Configuration	Total Memory	Per GPU (TP=8)
FP8	~83 GB	~10 GB
FP16	~180 GB	~22 GB

Metric	Value
Load Time	~348 seconds (~5.8 minutes)
FP8 BMM Warmup	~3 minutes (first run only)

MI325X (256GB) easily fits the model with room for KV cache.

Performance (MI325X Verified)

Concurrency Scaling

Concurrent	Throughput	p99 Latency
10	2,857 tok/s	22.76s
50	5,694 tok/s	23.49s
100	5,518 tok/s	24.22s
200	5,486 tok/s	24.14s
500	5,657 tok/s	23.46s

Multi-run means (n=5).

Peak Performance

Peak Throughput: 5,786 tok/s at 1,000 concurrent
Saturation Point: ~50 concurrent requests
100% Success Rate at all tested concurrency levels

See DeepSeek V3.2 Stress Testing for detailed results including saturation testing.

Test Endpoints

Chat Completion

                            bash
                            
                        
curl http://localhost:8000/v1/chat/completions \
  -H "Content-Type: application/json" \
  -d '{
    "model": "deepseek-ai/DeepSeek-V3.2",
    "messages": [{"role": "user", "content": "Hello, who are you?"}]
  }'

Tool Calling

                            bash
                            
                        
curl http://localhost:8000/v1/chat/completions \
  -H "Content-Type: application/json" \
  -d '{
    "model": "deepseek-ai/DeepSeek-V3.2",
    "messages": [{"role": "user", "content": "What is the weather in San Francisco?"}],
    "tools": [{
      "type": "function",
      "function": {
        "name": "get_weather",
        "description": "Get weather for a location",
        "parameters": {
          "type": "object",
          "properties": {"location": {"type": "string"}},
          "required": ["location"]
        }
      }
    }]
  }'

Reasoning Mode

                            bash
                            
                        
curl http://localhost:8000/v1/chat/completions \
  -H "Content-Type: application/json" \
  -d '{
    "model": "deepseek-ai/DeepSeek-V3.2",
    "messages": [{"role": "user", "content": "Solve step by step: If a train travels 120km in 2 hours, and then 180km in 3 hours, what is the average speed?"}]
  }'

Known Limitations

KV Cache Offloading Not Supported

DeepSeek V3.2 uses MLA (Multi-head Latent Attention) which is incompatible with vLLM's KV cache offloading:

Error: KeyError: 'model.layers.0.self_attn.indexer.k_cache'

The MLA architecture uses an indexer-based KV cache that the OffloadingConnector cannot handle. Use the large HBM capacity instead (256GB per MI325X is sufficient).

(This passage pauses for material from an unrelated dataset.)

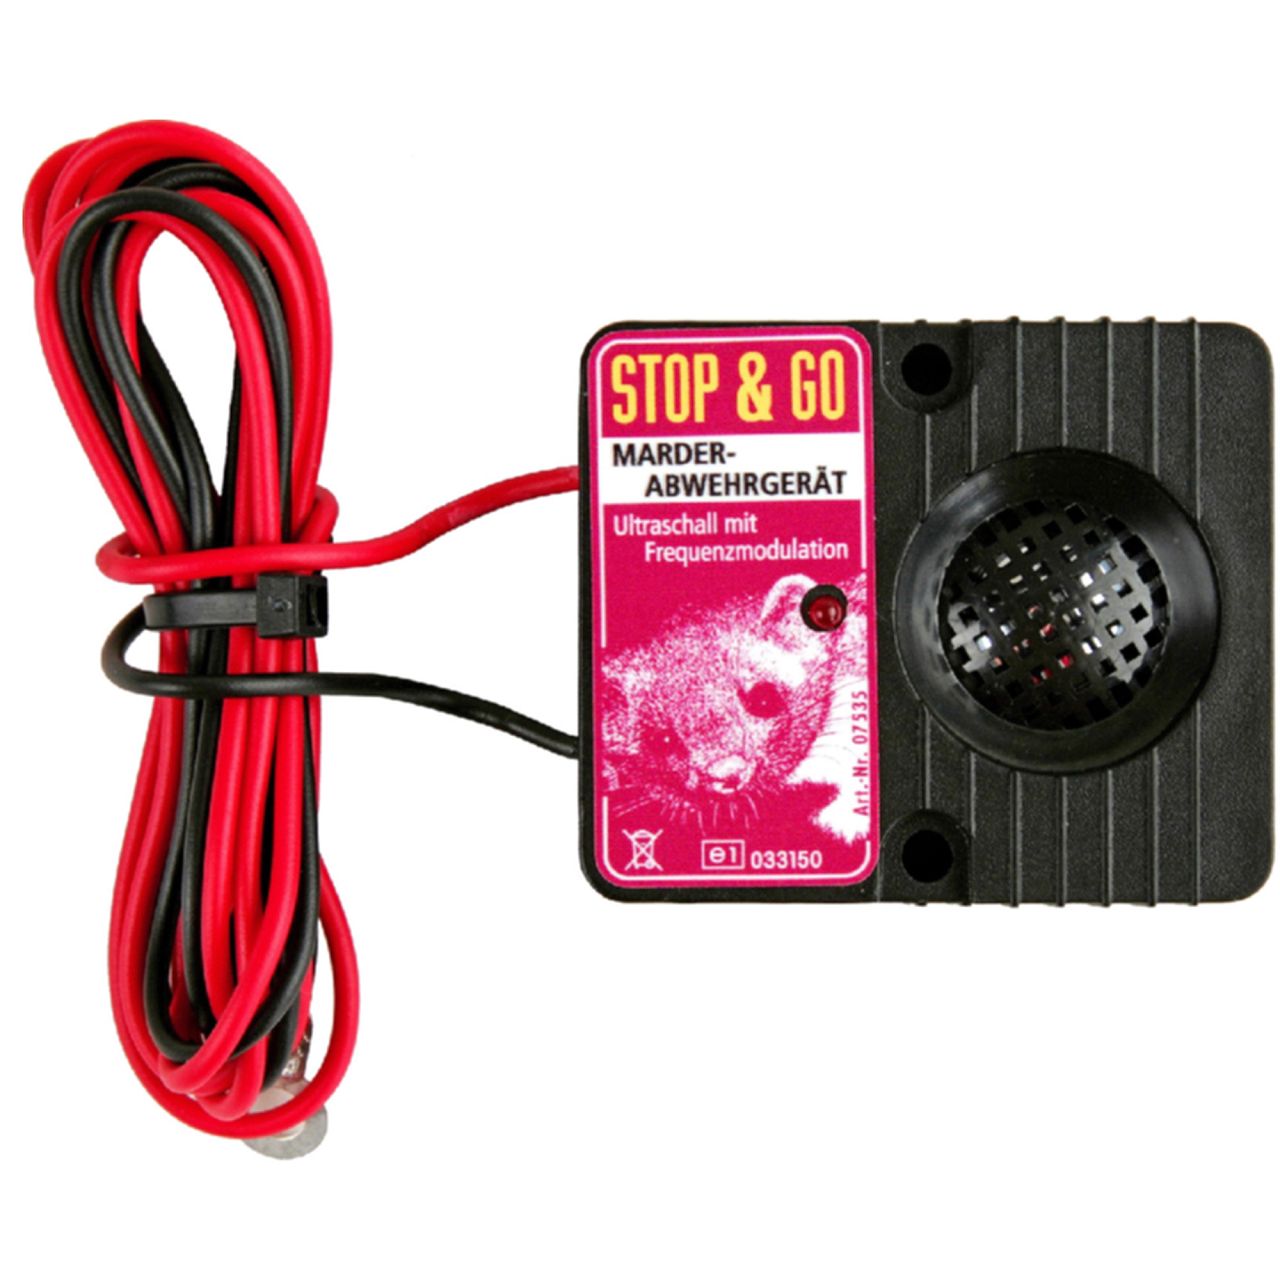 Stop & Go Ultraschall Marder-Abwehrgerät (07533) online kaufen

FP8 KV Cache Not Supported

Do not use --kv-cache-dtype fp8:

Error: ROCMAiterMLASparseBackend doesn't support fp8 kv_cache_dtype

vLLM automatically uses the correct fp8_ds_mla format for DeepSeek models.

Troubleshooting

Crash on Startup

Ensure AITER_ENABLE_VSKIP=0 is set. If unset, it defaults to true which causes crashes on MI300X/MI325X.

Chat Endpoint Returns Error

Add --tokenizer-mode deepseek_v32 to enable the chat completions endpoint.

Long Warmup Time

FP8 BMM kernel pre-compilation takes ~3 minutes on first run. Subsequent starts use cached kernels.